I am going on a cruise and I would like to purchase some yarn while Im in one of the Ports.
I am going to Cozumel, Belize, Honduras Isla Roatan, and Costa Maya.
does anyone know where there is somewhere to buy yarn in any or all of those places?
or knitting notions, Id really LOVE to buy a yarn bowl or some yarn bowls as gifts
thanks!
L


----------



## franci6810 (Dec 18, 2012)

Can't help with your question, but wishing you a lovely time. I've seen lots of documentaries on that area of the world - All Beautiful.
Enjoy!
Franci


----------



## msgran (Feb 12, 2011)

Been there and didn't find a yarn shop among the Diamonds Internationals, Tanzanite Internationals, and all do the other touristy places at the ports. If you find any, please post and let me know!! I have only been big into yarn for about five years so when we went I wasn't looking for yarn related stores. Have fun!! We are doing the eastern Caribbean in January.


----------



## Not retired yet (Jun 7, 2014)

I have been to all of these ports, and can't remember seeing any shops that carried yarn. Have a great time!


----------



## shannand (Oct 27, 2011)

Went to all those ports except Costa Maya this summer and did not find yarn in any of the ports. We did not veer past the ports to look. Hopefully next time we will get the chance to.

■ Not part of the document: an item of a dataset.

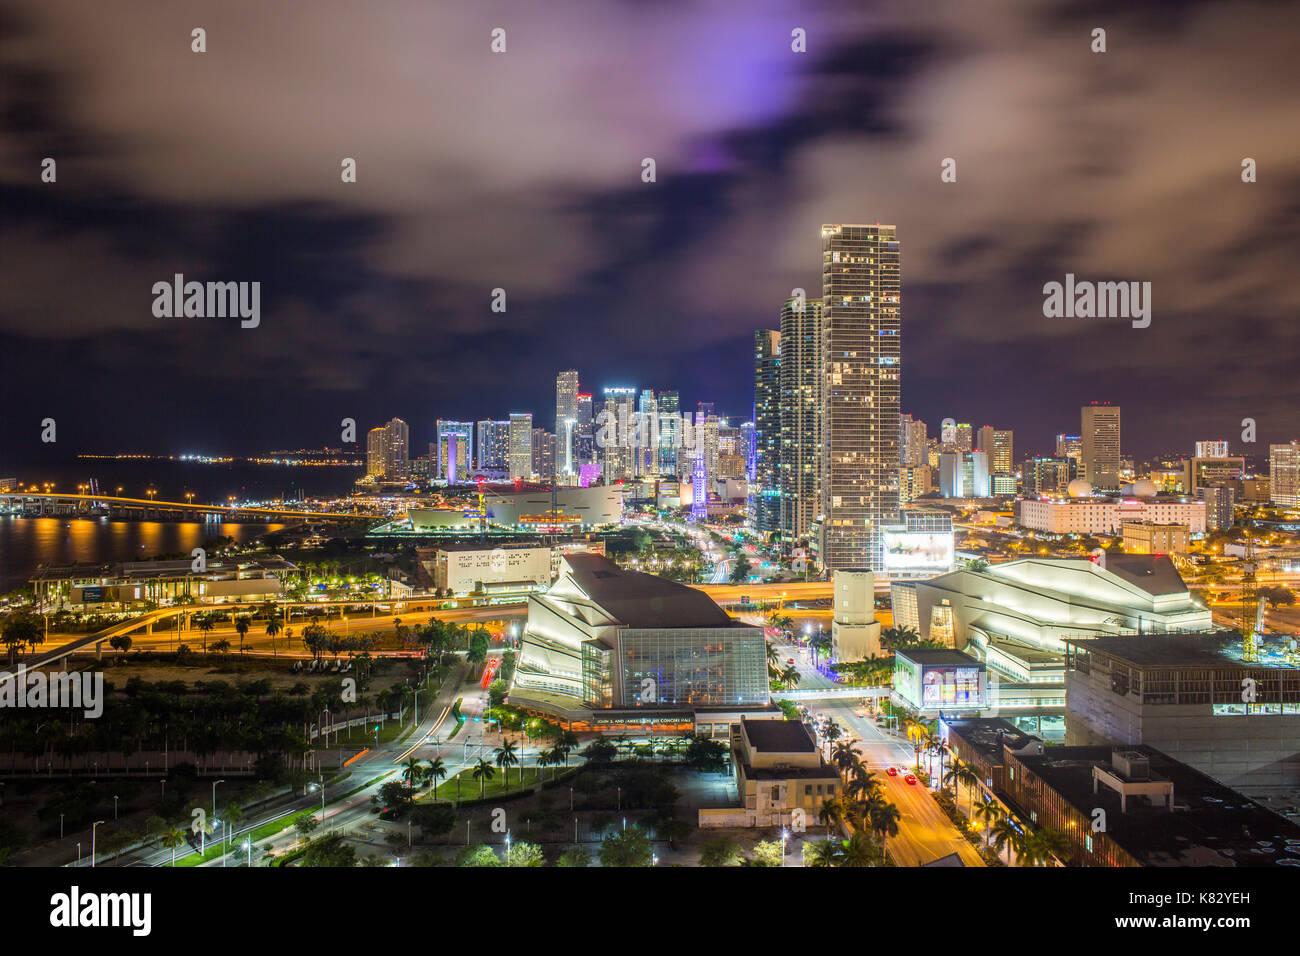 Ver elevados a lo largo de Biscayne Boulevard y del horizonte de Miami, Florida, USA. Imagen De Stock

Have a wonderful time. **If you find staff guarding a cabin on the ship saying there is a special guest, know that the person did something very very wrong (tooo bad to be in the general population on board jail). {put someone in the room across from ours and 24 hour guard for 3 days until docked}


----------



## annweb (Feb 23, 2012)

I am doing the East Carib in April so let us know if you find anywhere please.


----------



## annweb (Feb 23, 2012)

I am doing the East Carib in April so let us know if you find anywhere please.


----------



## gram26 (Feb 1, 2011)

Think snorkeling, not knitting, and you will enjoy the ports.....otherwise, can't think of any shopping for yarn at all.


----------



## clickerMLL (Aug 14, 2013)

I have been all over the Caribbean, and have NEVER seen as much as an inch of yarn for sale. 

If you want to work on a yarn project on the ship during quiet times, you will have to take the yarn and all of the tools with you. I normally take quilting on ships -- envelopes containing the cut and marked fabric bits to piece into blocks, one block per envelope, plus a small sewing kit with the threads, needles, a few pins, scissors, and several thimbles. (Take thimbles in several sizes since hands and feet usually change sizes in the tropics.) 

Have a fun trip!


----------



## rlbrown63 (Apr 10, 2013)

We are going to San Juan Puerto Rico, Grand Turk and St Maarten on Jan 18th- I am taking my crocheting with me as I plan to sit around and relax.


----------



## past (Apr 3, 2011)

I did a search for buying yarn in Cozumel and found this post from 2011 that tells of one at that time any way.

http://www.cozumelmycozumel.com/dc/index.php?/topic/2479-craft-store-solana/


----------